We all know that truth is the first casualty of war. And during the flooding of New Orleans in late August and early September, we often heard descriptions of the Crescent City as a war zone. So, as the murky waters from Hurricane Katrina recede, we shouldn’t be surprised to learn that much of what we were told during those horrible days simply wasn’t so.

If, like me, you were glued to the tube for much of that horrible week, you knew that armed gangs had the run of the Morial Convention Center. Dozens, perhaps hundreds, of people were dying in the shelter of last resort at the Louisiana Superdome. Rape, even of children, was rampant. Snipers were firing on rescue helicopters and emergency vehicles.

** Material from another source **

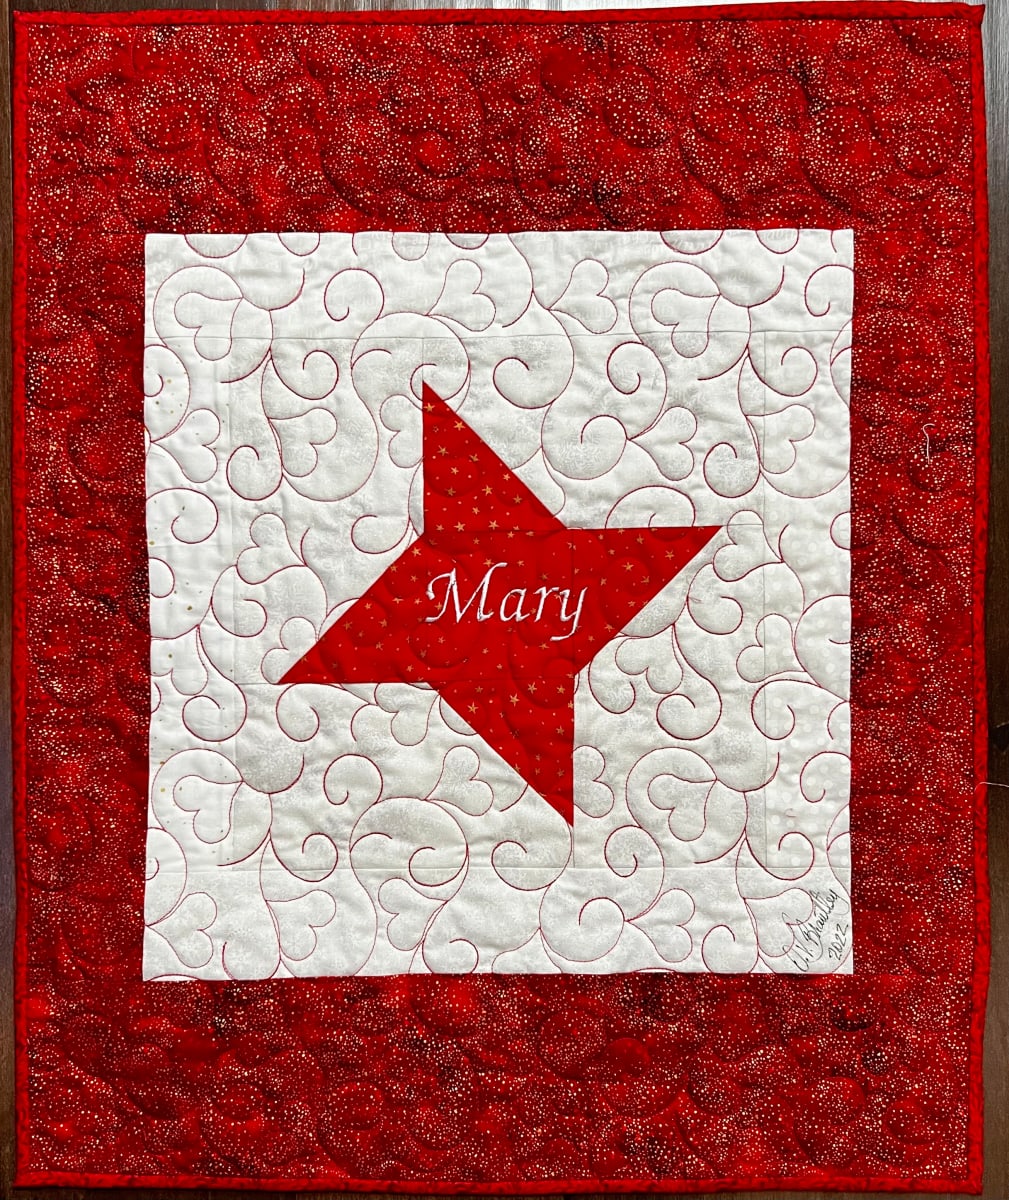 Mary’s Friendship Star by O.V. Brantley  Image: Mary’s Friendship Star

If all you know is what you see on TV, you still believe those stories. But if you had the determination to stick with the Katrina story all the way through September, as it receded to the back pages, you eventually learned that none of the facts in my second paragraph were true. And even then, if you’re out in the boondocks of a minor media market, you had to wait for the word to seep through via the Internet.

So it was that I didn’t realize how much Katrina rumor and hyperbole had entered the hard news stream until late October, when the online news daily Salon published a detailed accounting by Aaron Kinney. For instance, as Kinney tells it, the New Orleans Times-Picayune ran a story on Sept. 6 reporting that National Guardsmen had seen 30 or 40 bodies in the convention center’s walk-in freezer. A guardsman was reported to say that one of the bodies was a 7-year-old girl with her throat cut.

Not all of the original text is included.